Да, возникает впечатление, будто Лютер не ведал, что творил – и это неудивительно: девяносто пять тезисов вряд ли можно счесть призывом к революции. Пусть даже они порой звучали резко, как подобало вопросам, призванным вызвать формальные схоластические споры, но они по-прежнему предполагали существование Чистилища, заслуг и ценности покаяния перед священником. Однако Лютер зашел настолько далеко, что вложил свои язвительные тезисы о системе индульгенции в письменный протест, составленный в самых изысканных выражениях, и 31 октября отправил его местному архиепископу – а именно Альбрехту Бранденбургскому. Поступив так, Лютер сделал свой вызов публичным. Альбрехт исполнил долг и переслал тезисы Его Святейшеству в Рим. Между тем их печатные копии распространялись в Германии как на латинском, так и на немецком, и среди немецких теологов началась памфлетная война. Доминиканцы, естественно, бросились защищать своего собрата Тетцеля. Это был далеко не первый случай, когда печать, новый способ передачи информации, порождала всеобщий спор, в котором принимали участие очень многие помимо тех, кто на самом деле мог прочесть те брошюры и книги, о которых шла речь: так, в предыдущем десятилетии европейские власти запустили амбициозную рекламную кампанию, стремясь начать новый крестовый поход Европы против турок. Однако Лютер произвел фурор – и это показало, что независимое общественное мнение на самом деле существует, а печатные станки, подпитывающие его, неподвластны ни иерархам Церкви, ни владыкам Содружества [24].

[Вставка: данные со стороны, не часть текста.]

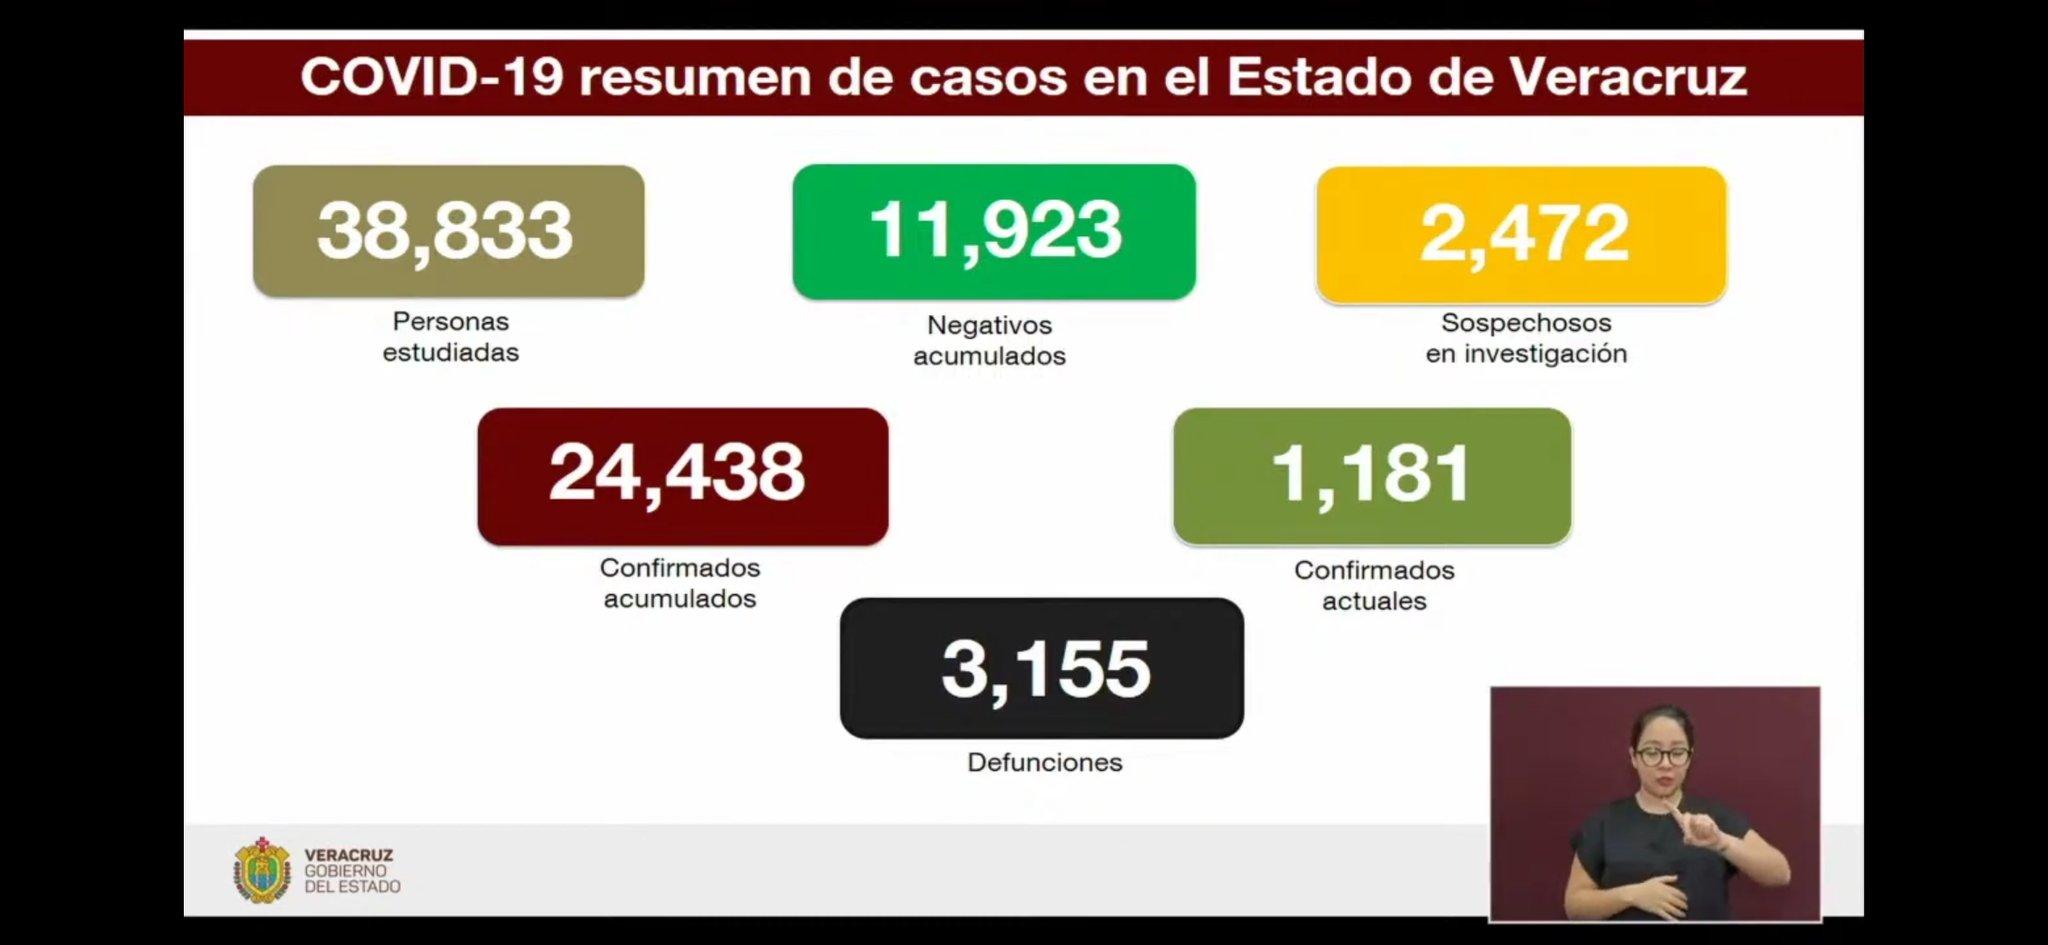 Bajan contagios de COVID-19 en Veracruz y pacientes se recuperan desde casa ante el coronavirus

Папе Льву было трудно проявить особый интерес к очередной ссоре доминиканцев и августинцев – истории, на первый взгляд прекрасно знакомой. В 1517 году, когда в жестоких схватках он достиг успеха в кампании против своих врагов из числа кардиналов и захватил богатый городок Урбино в отвратительной династической войне, которую вел от имени своего племянника Лоренцино Медичи, ему и в итальянской политике хватало дел. И даже если в более принципиальных моментах он смотрел на вещи шире, как предводитель христианского мира, прежде всего он думал о страшном положении на Востоке: турки после падения Египта и Сирии грозили Кипру, а Венеция и Франция, похоже, больше интересовались тем, как свести счеты с императором и Испанией, и словно не слышали пронзительных призывов папы к новому крестовому походу. И потому папа поручил немецким августинцам самим решить свои досадные проблемы на собрании в Гейдельберге, которое проходило по истечении каждых трех лет и в этот раз выпало на апрель 1518 года, в то время как Рим занимался более неотложными делами.

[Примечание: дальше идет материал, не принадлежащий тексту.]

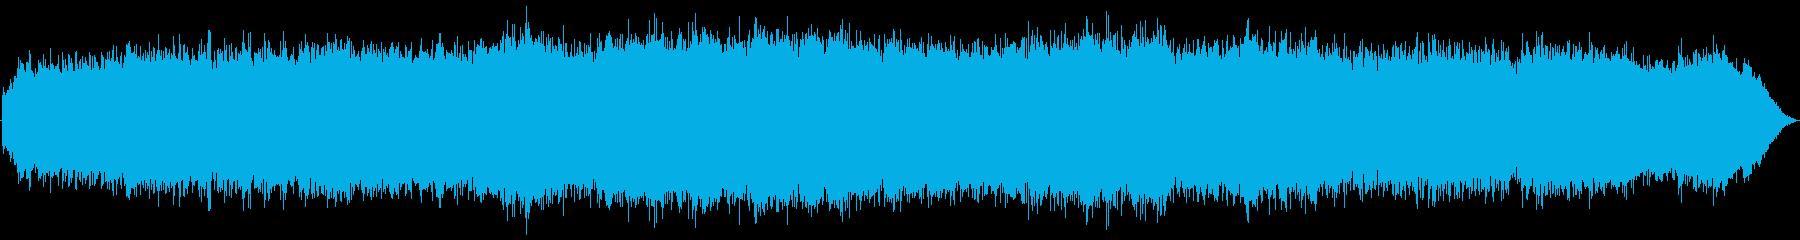 モダン テクノ アンビエント 瞑想...の再生済みの波形

В лице братьев Лютер обрел любезных и благодарных слушателей, а кроме того, в дни путешествий в Гейдельберг и обратно его признала широкая публика, что было неожиданно и отрадно. Здесь он мог меньше говорить о маловажных вопросах, связанных с индульгенциями, и больше – о своих общих положениях о благодати, а потому беседы проходили с достоинством, не переходя в бурные споры. Он трогательно говорил о страданиях Бога, в которых проявилась божественная любовь к падшему человечеству, и особо настаивал на том, что идея Габриэля Биля, согласно которой людям можно разрешить «делать то, что им присуще», и тем достичь спасения, недопустима; все, что мы делаем сами, равносильно совершению смертного греха. В одном из многих ярко выраженных идейных противоречий, или парадоксов, всегда характерных для его мысли, он назвал свои убеждения богословием Креста: любящий Бог становится слабым и глупым, чтобы спасти своих людей. Он противопоставил это богословию славы, которое восхваляло мудрость и человеческие достижения. В последующие годы он будет чаще говорить о Евангелии, которое спасает, вопреки закону, который осуждает – но парадокс оставался по-прежнему. «Богословие славы называет зло добром, а добро – злом. Богословие Креста называет все своими именами» [25]. Это было сказано для того, чтобы искусно и решительно отойти от Эразма и его слов в «Энхиридионе»: «Если око твое нездорово, и смотришь ты куда угодно, но не на Христа, все добрые дела твои, даже если ты их совершаешь, окажутся бесплодны, а может, и вредны» (см. гл. 2, с. 138). А Лютер говорил, что нет ни единого здравого ока и ни единого доброго дела – вот почему любовь Бога столь изумительна.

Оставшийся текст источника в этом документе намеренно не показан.